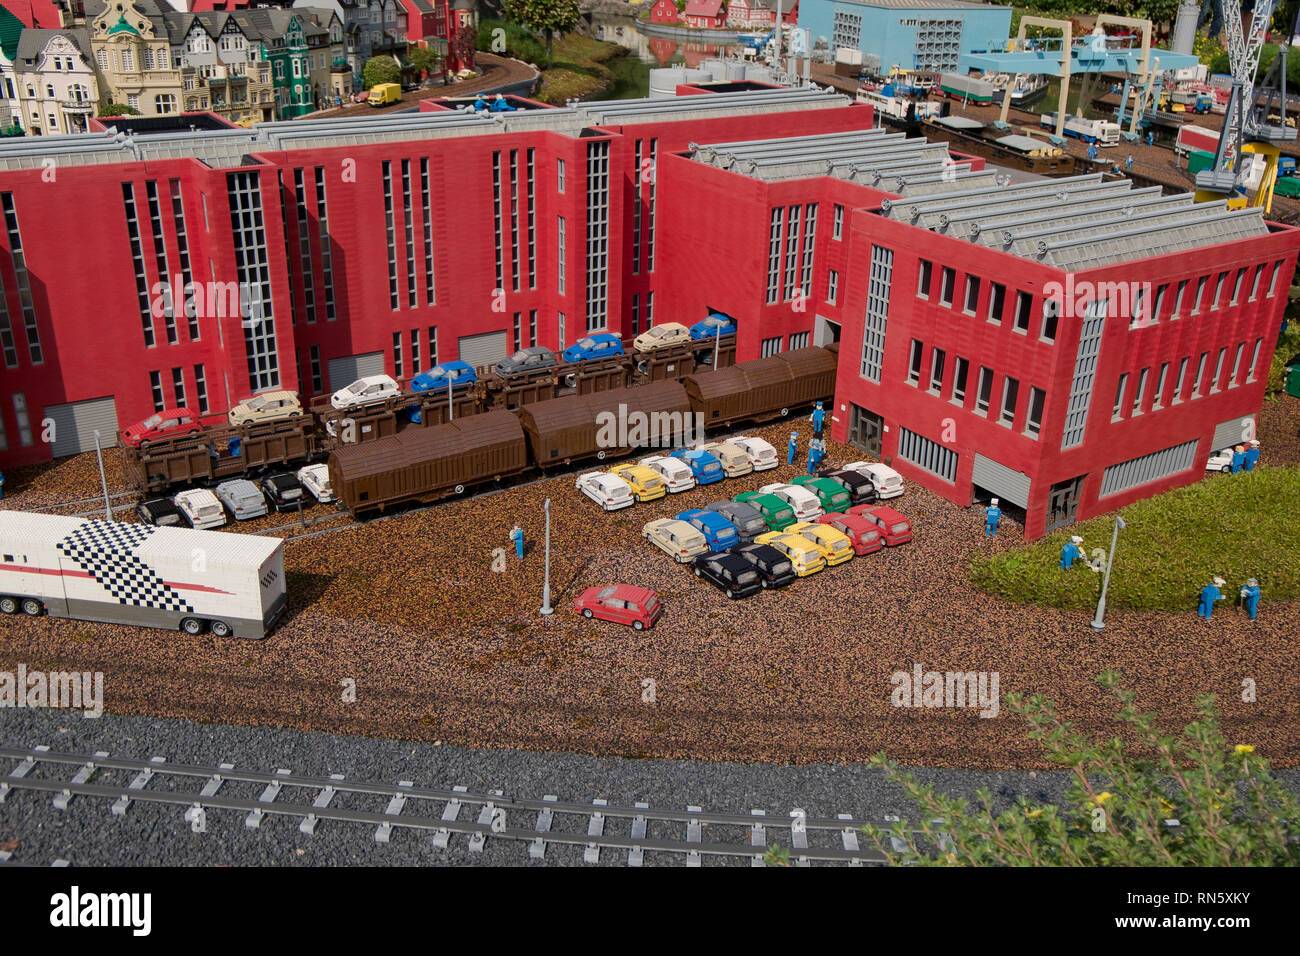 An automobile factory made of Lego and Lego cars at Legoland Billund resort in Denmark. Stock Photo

○ ○ ○ ○ ○

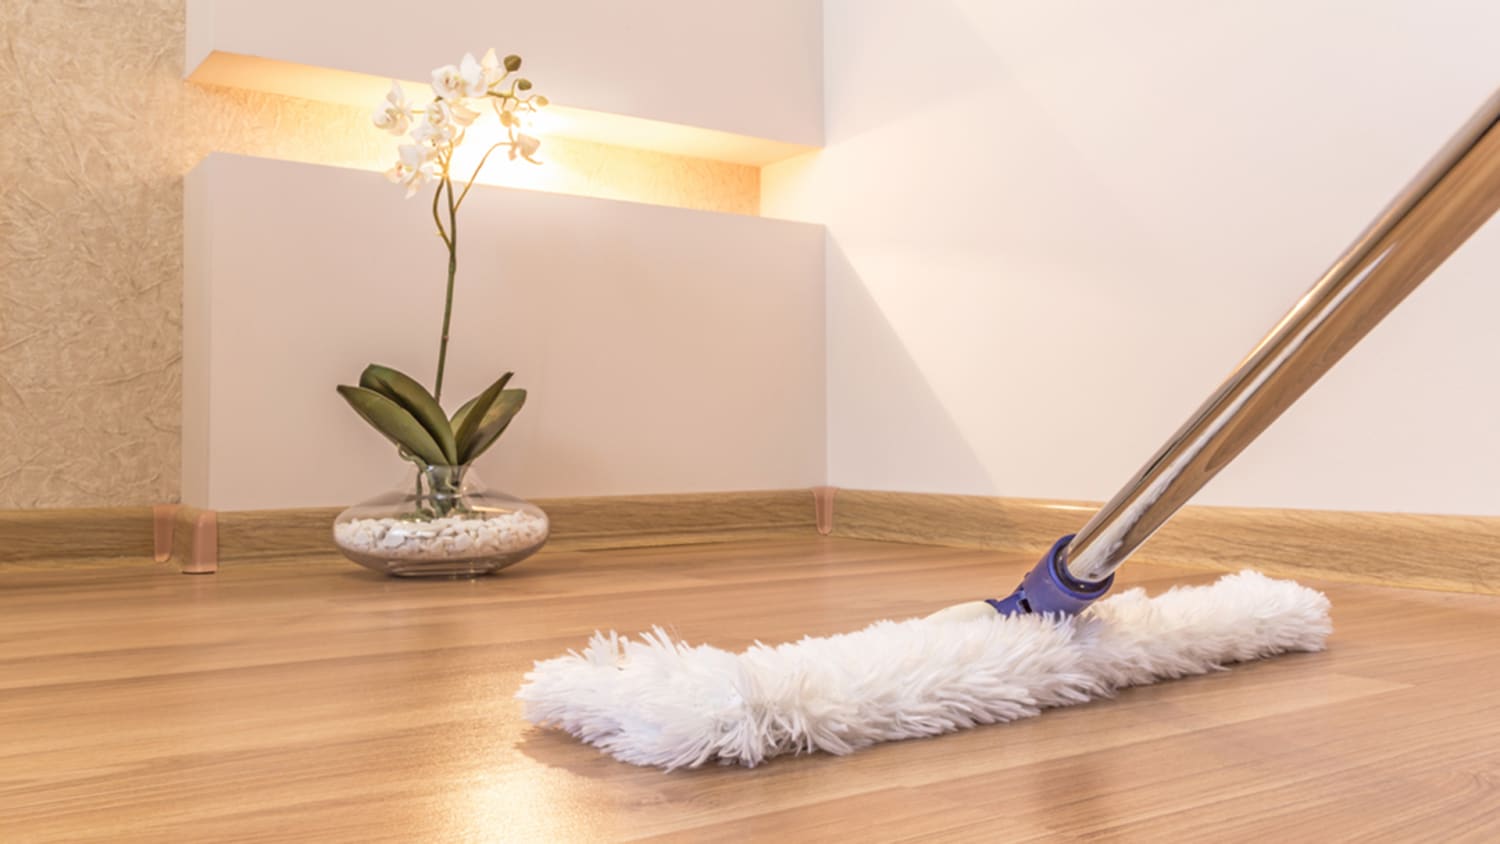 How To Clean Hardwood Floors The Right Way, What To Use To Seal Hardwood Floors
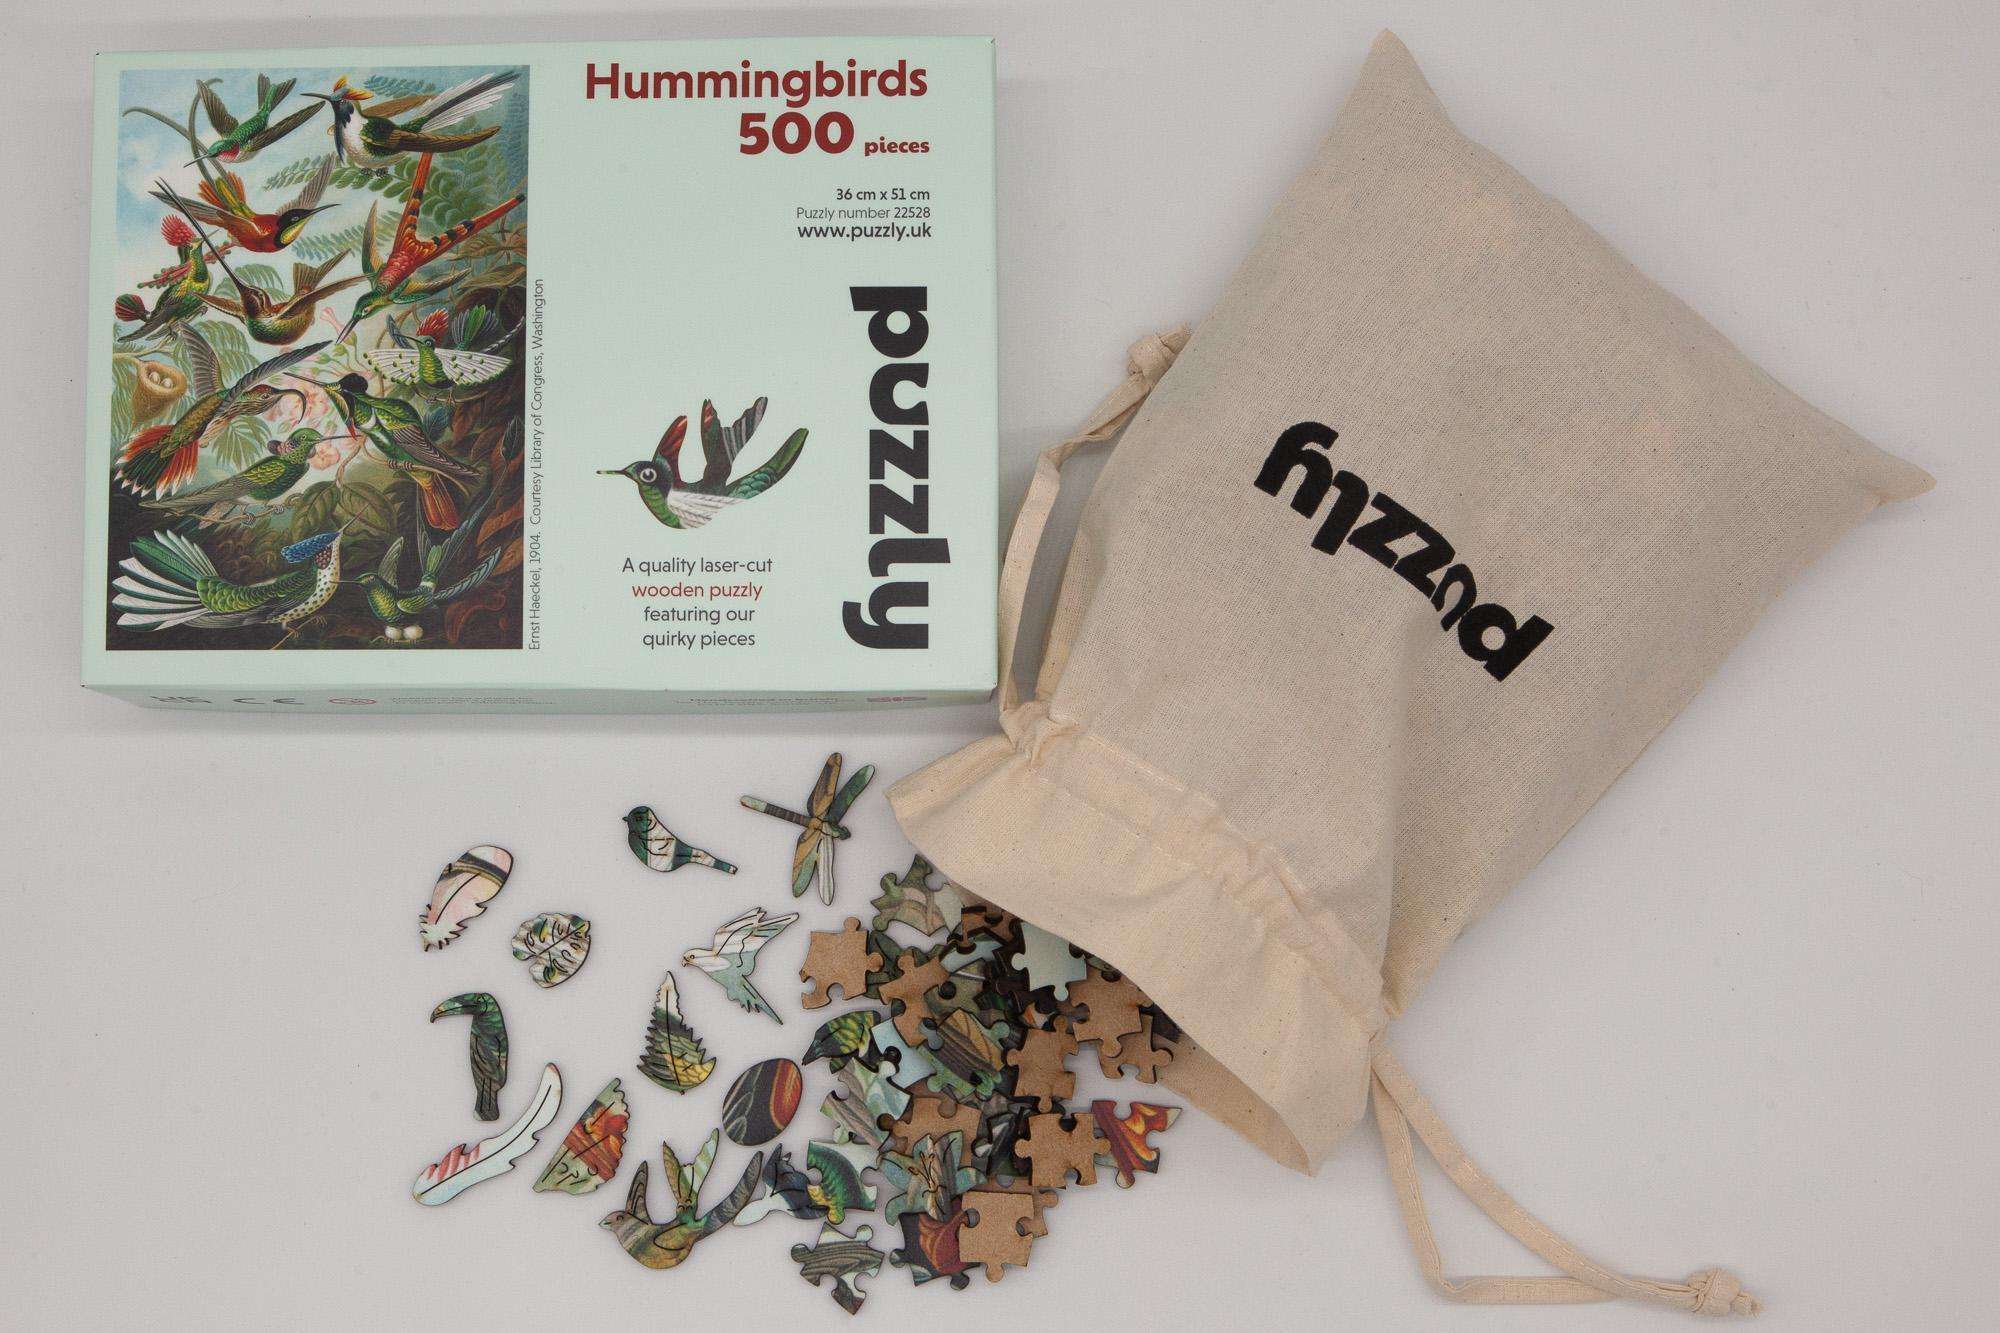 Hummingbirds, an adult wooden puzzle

○ ○ ○ ○ ○

**TASK REQUIREMENTS**
Exactly the lines above from the one that contains "How To Clean" down to the one that contains "Hummingbirds, an adult wooden puzzle" are to be output, both ends kept and pictures omitted.

**WORKED SOLUTION**
 How To Clean Hardwood Floors The Right Way, What To Use To Seal Hardwood Floors
 Hummingbirds, an adult wooden puzzle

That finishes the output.